━━━━━ Available data

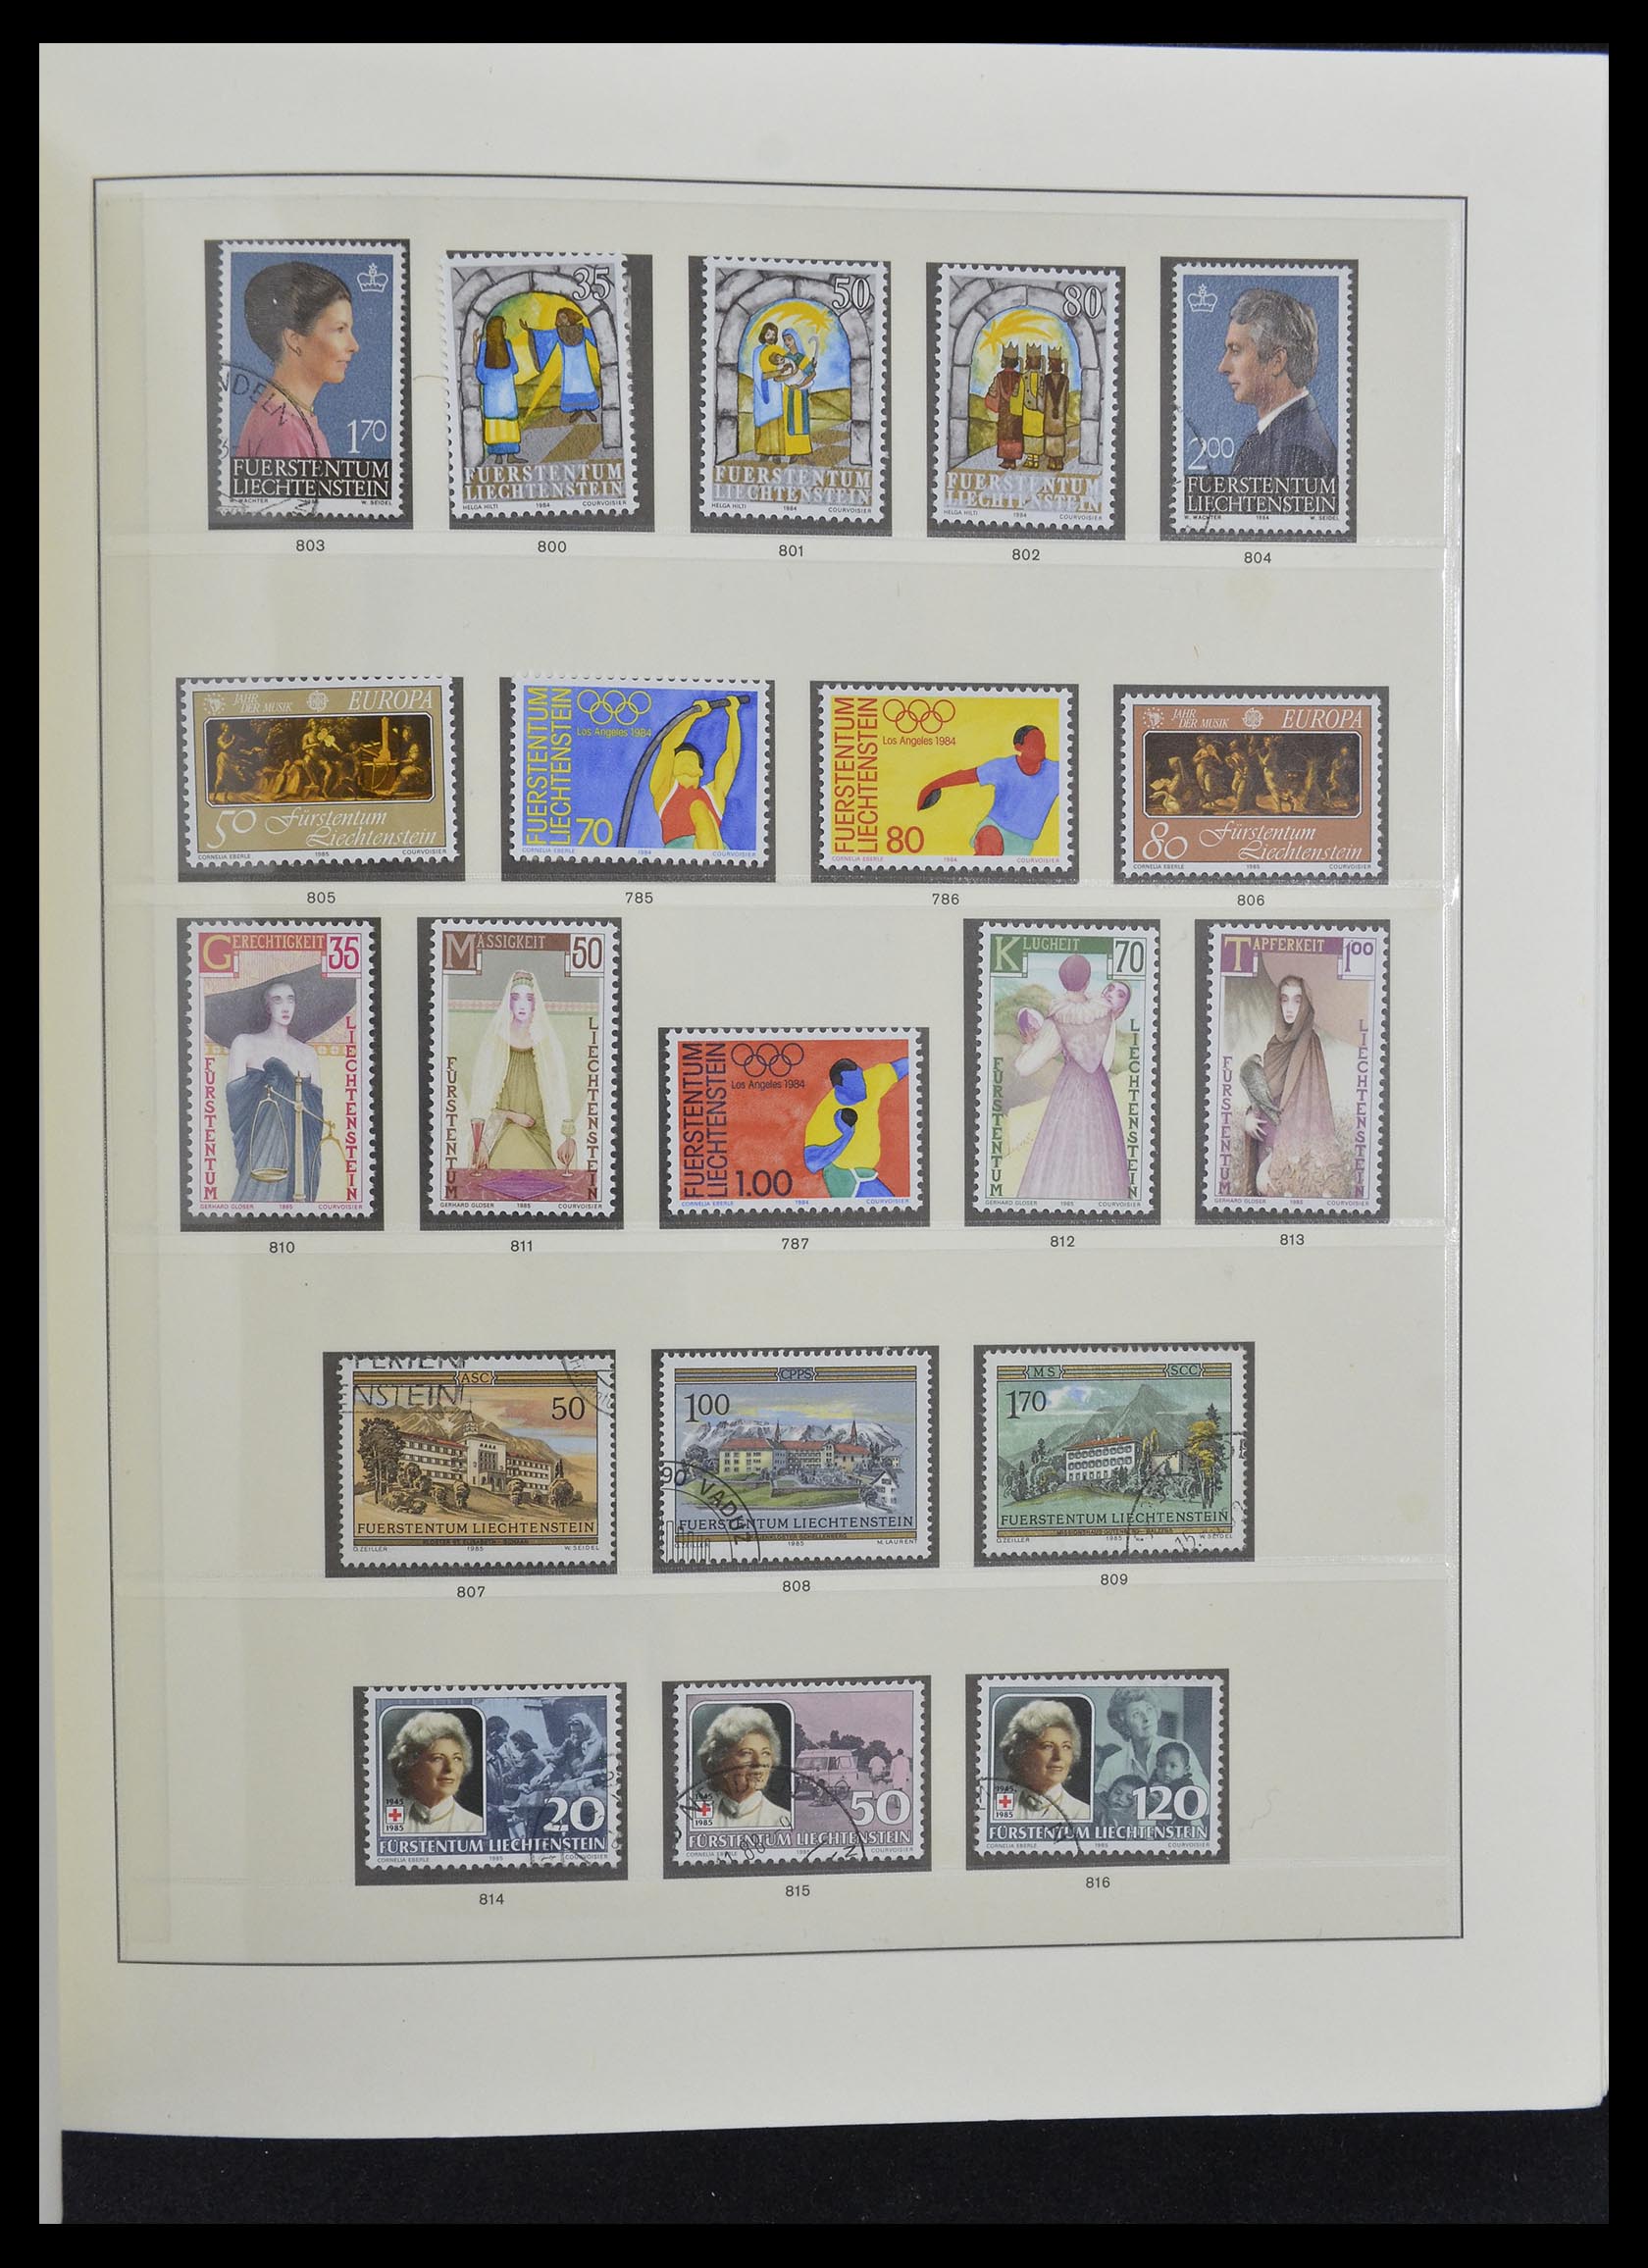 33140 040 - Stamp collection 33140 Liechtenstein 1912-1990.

━━━━━━━━━━
━━━━━ Available data

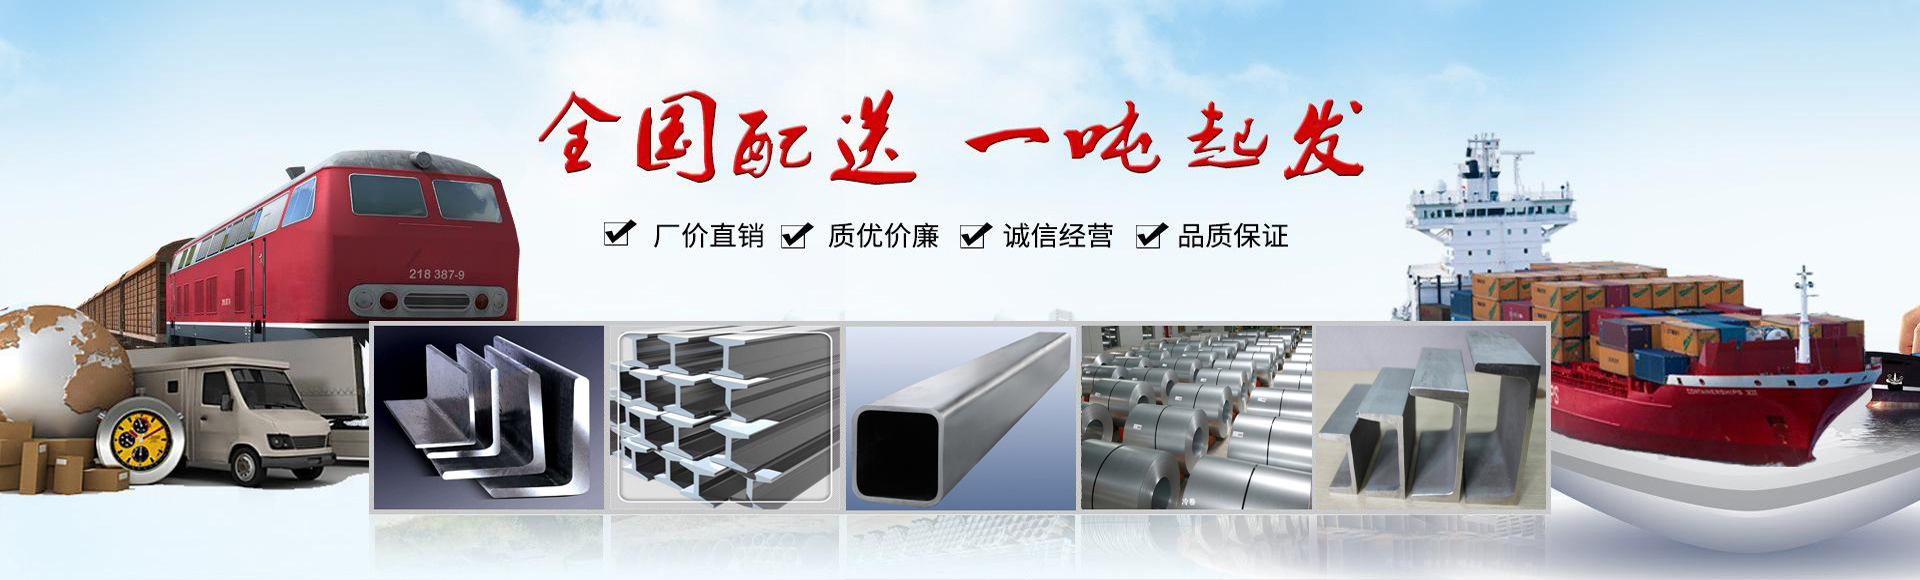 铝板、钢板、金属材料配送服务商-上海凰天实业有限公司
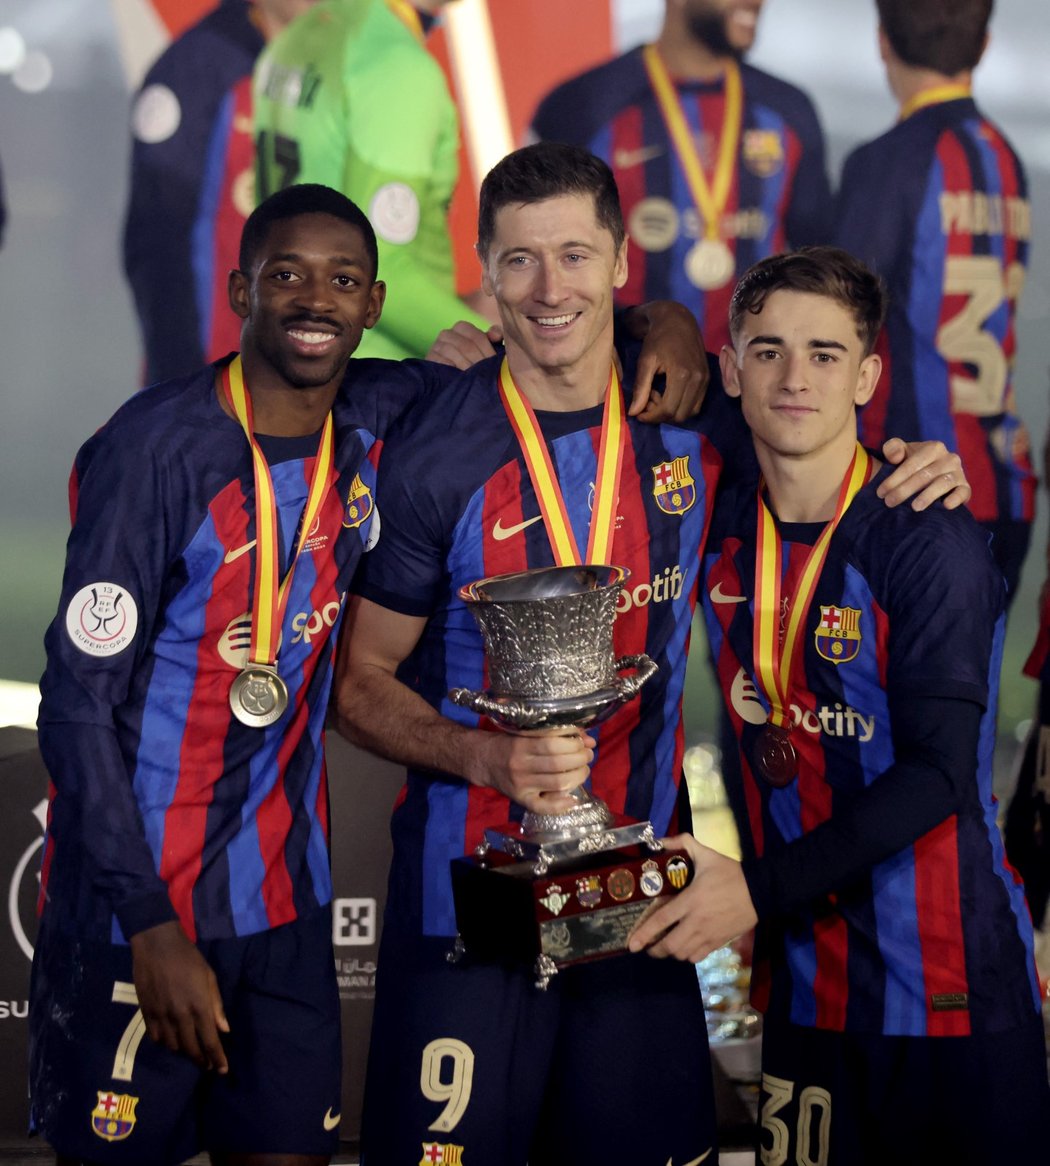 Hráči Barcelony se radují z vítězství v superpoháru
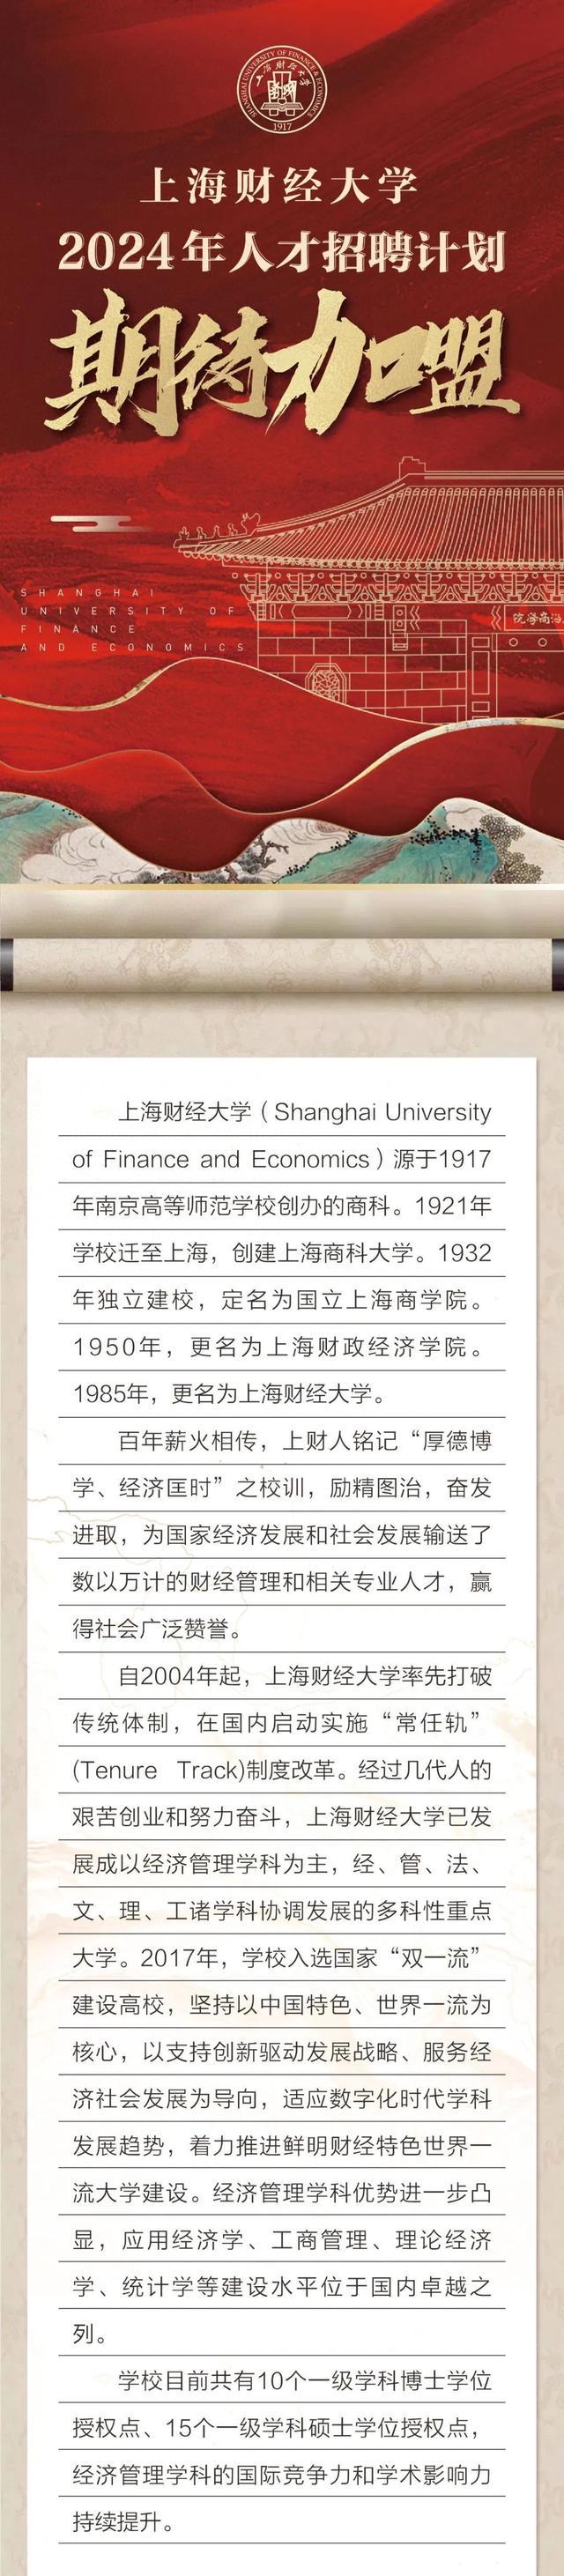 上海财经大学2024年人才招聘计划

━━━━━━━━━━

- _What is being asked_: The answer is the lines of the material above, from the one containing "铝板、钢板、金属材料配送服务商-上海凰天实业有限公司" down to the one containing "上海财经大学2024年人才招聘计划", given exactly and without images.

- _Your solution_:
 铝板、钢板、金属材料配送服务商-上海凰天实业有限公司
 Hráči Barcelony se radují z vítězství v superpoháru
 上海财经大学2024年人才招聘计划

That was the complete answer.